> _Exercise brief_
Reproduce the whole listing below without its pictures, exactly as written.

> _Data_
◆ ◆ ◆ ◆ ◆ ◆ ◆
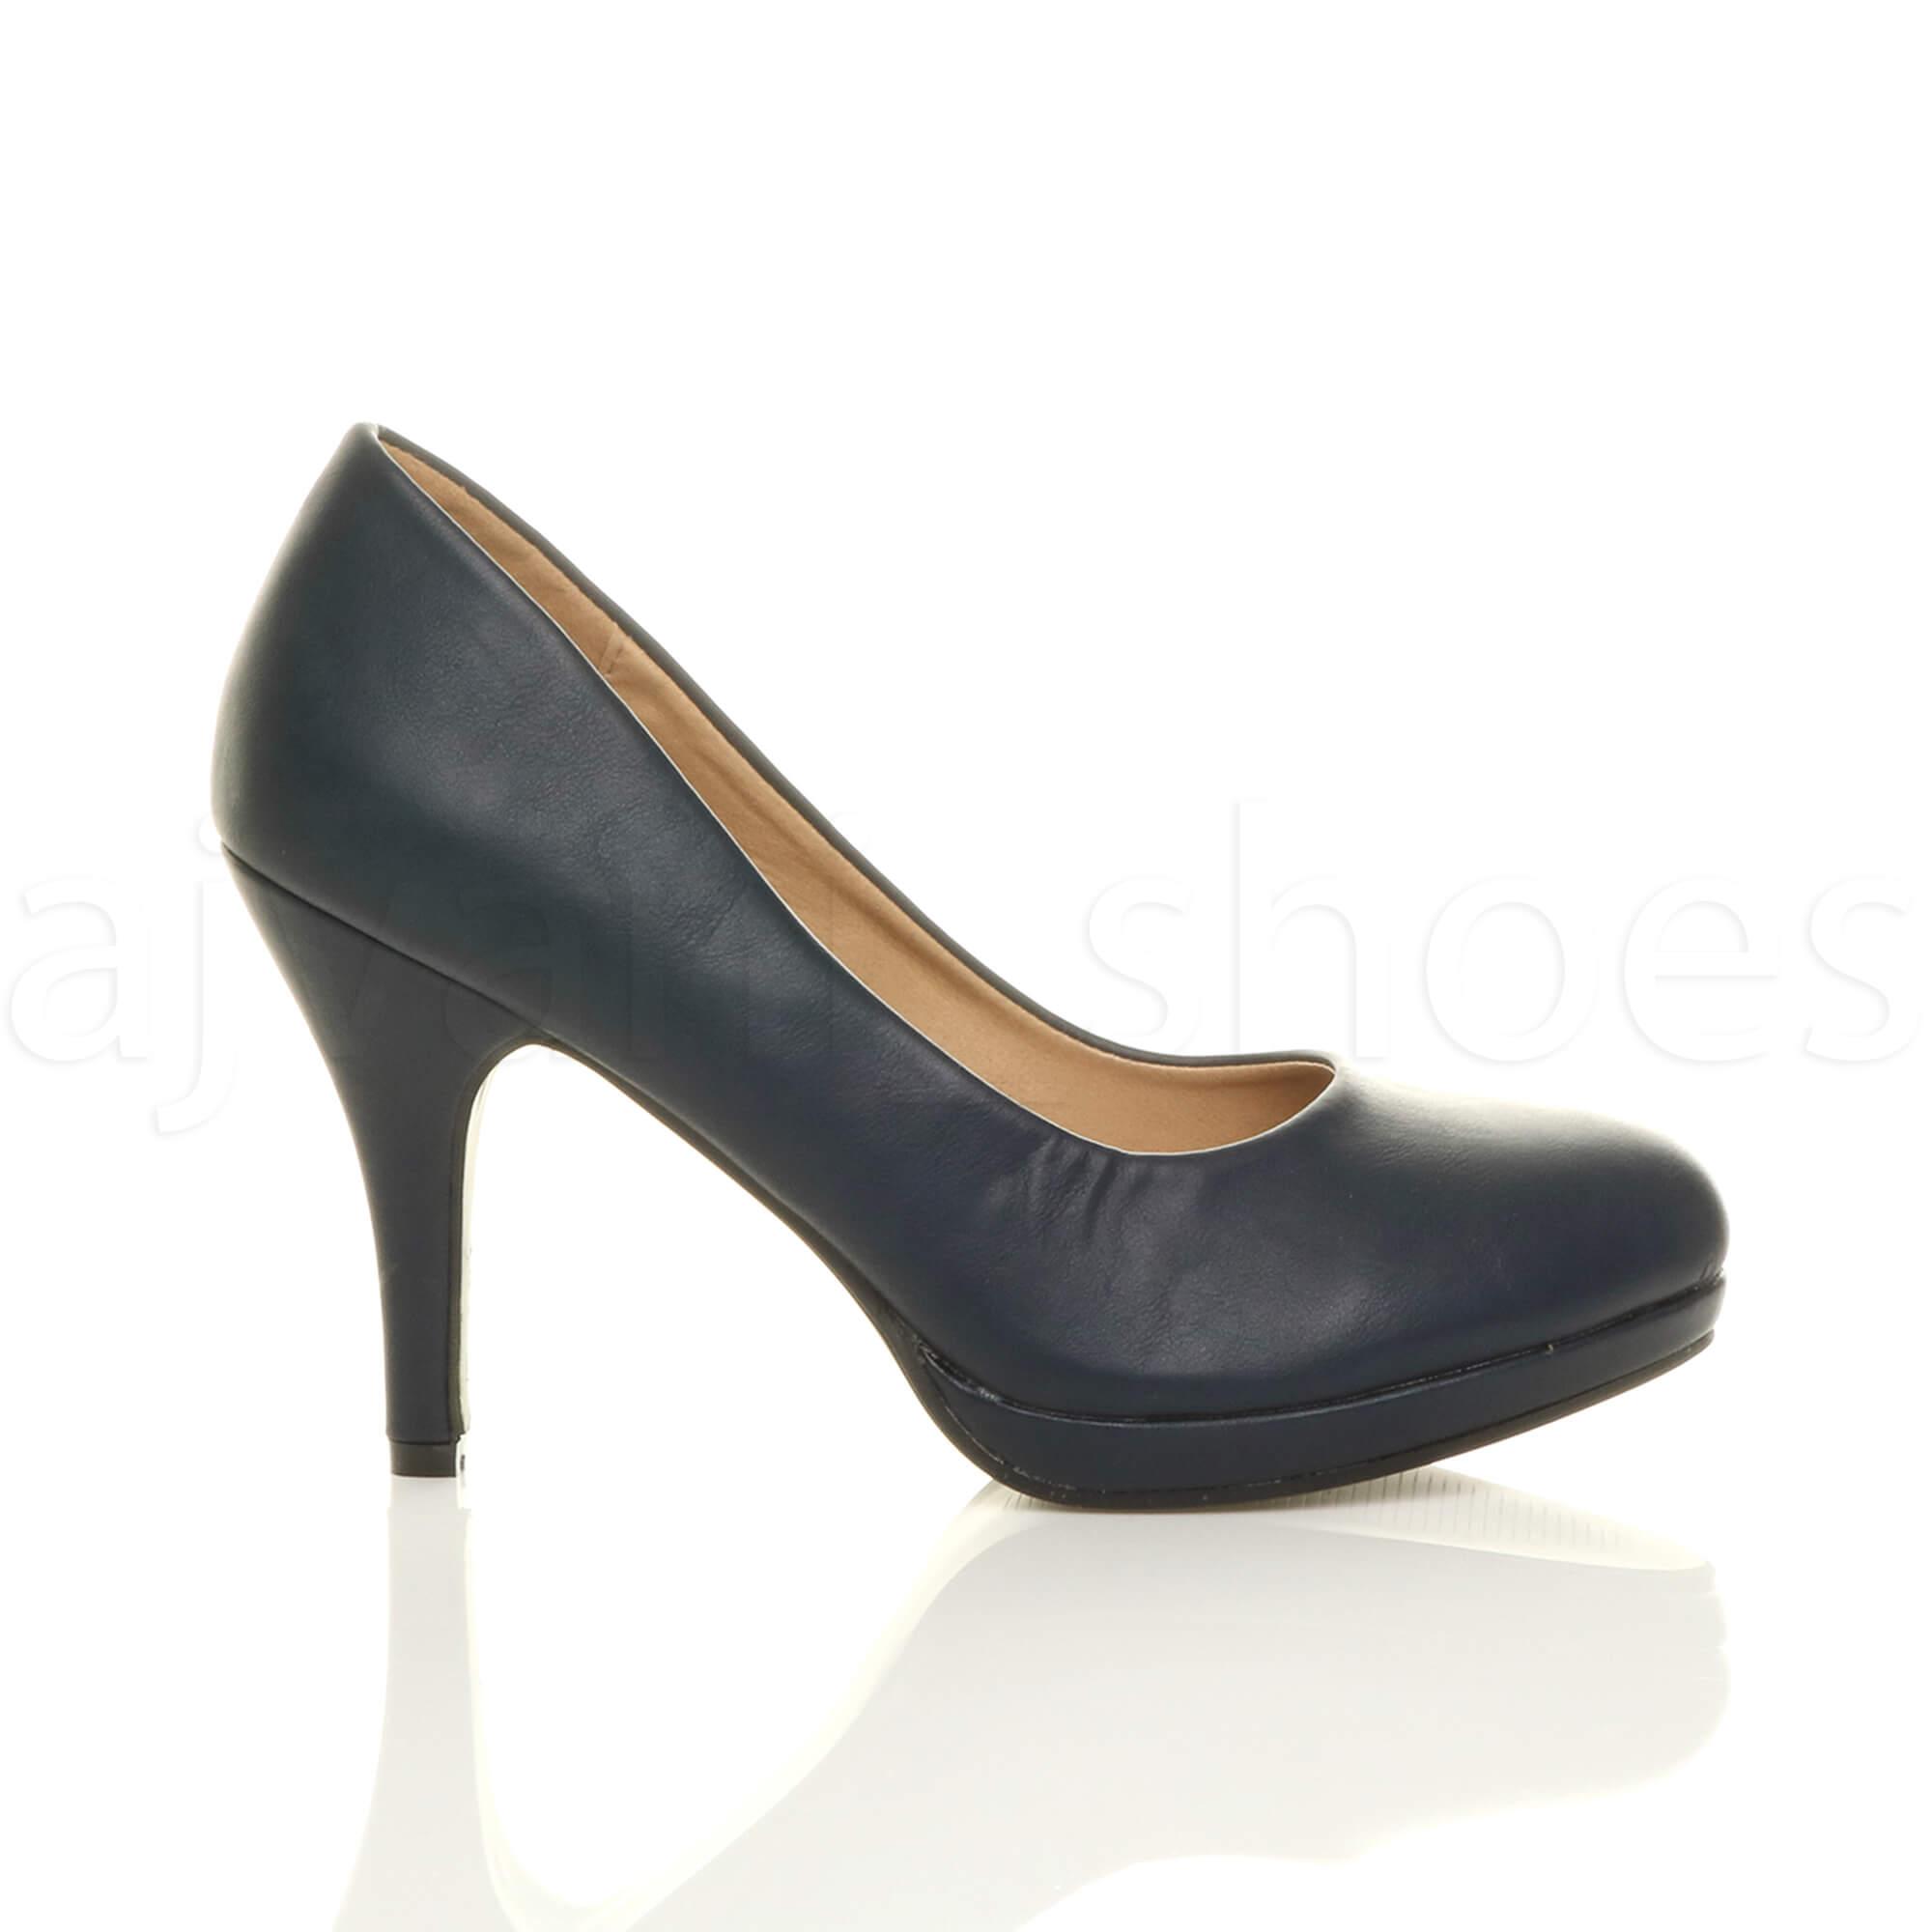 womens ladies mid high heel platform party work evening court shoes pumps size ebay. Black Bedroom Furniture Sets. Home Design Ideas
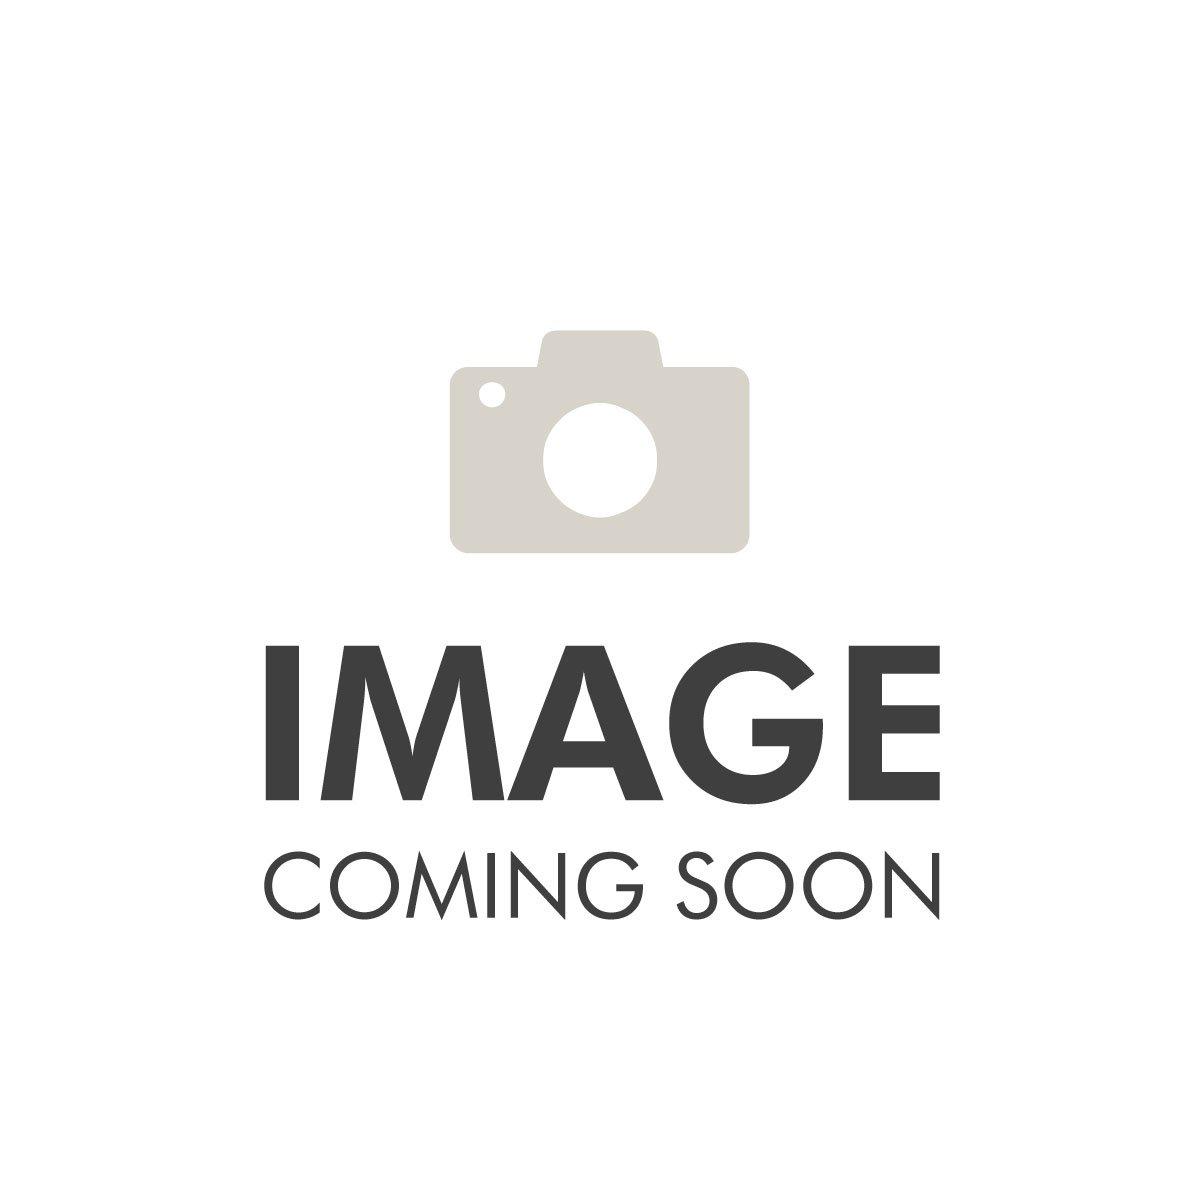 Clarins Extra-Firming Neck Anti-Wrinkle Rejuvenating Cream 50ml
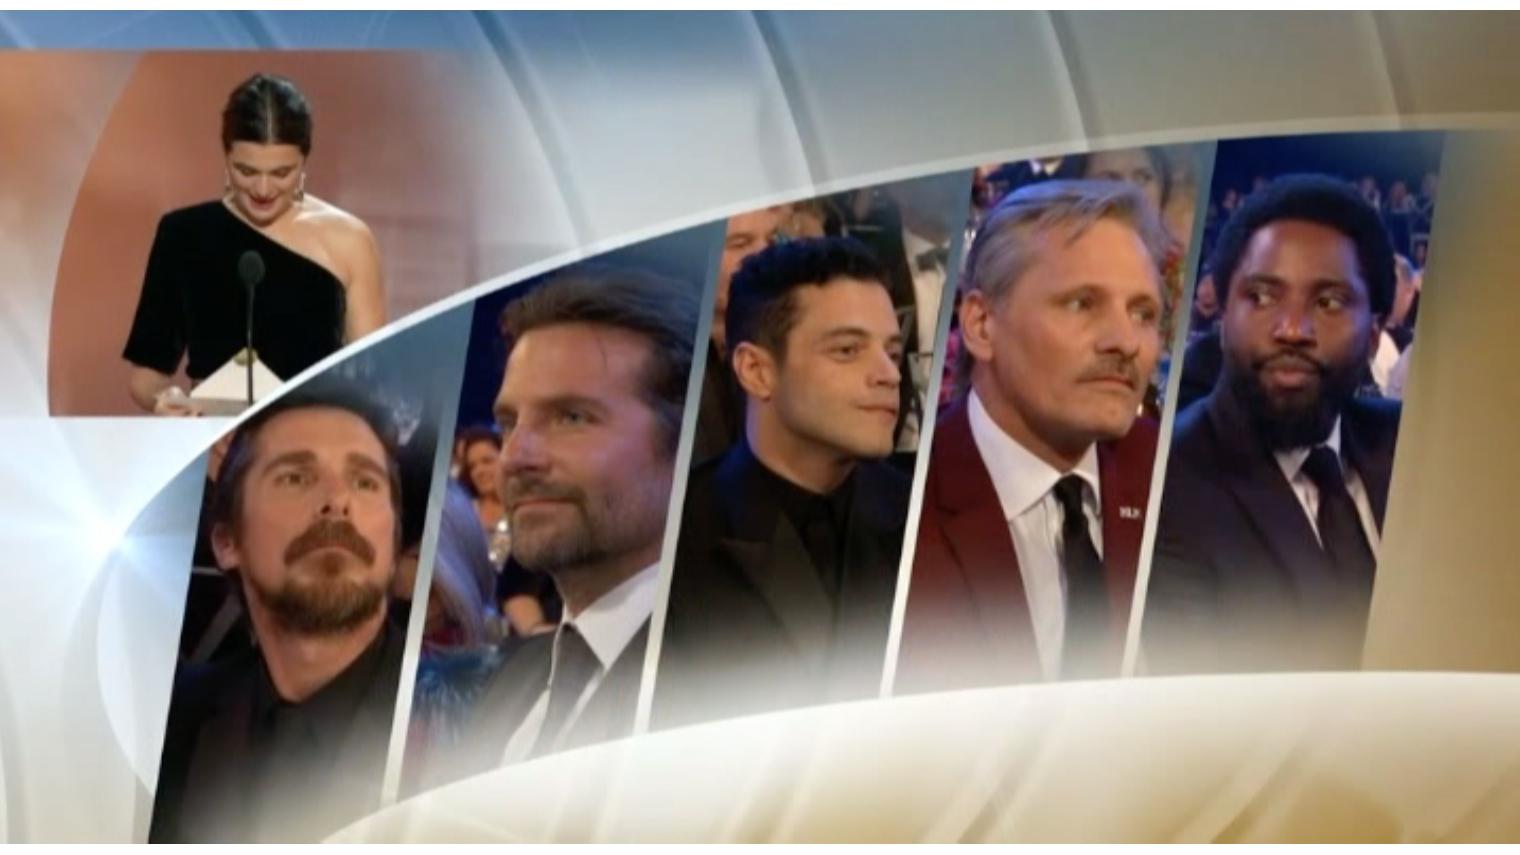 SAG_Awards_Show_0_20190128230205
◆ ◆ ◆ ◆ ◆ ◆ ◆
> _Answer box_
 womens ladies mid high heel platform party work evening court shoes pumps size ebay. Black Bedroom Furniture Sets. Home Design Ideas
 Clarins Extra-Firming Neck Anti-Wrinkle Rejuvenating Cream 50ml
 SAG_Awards_Show_0_20190128230205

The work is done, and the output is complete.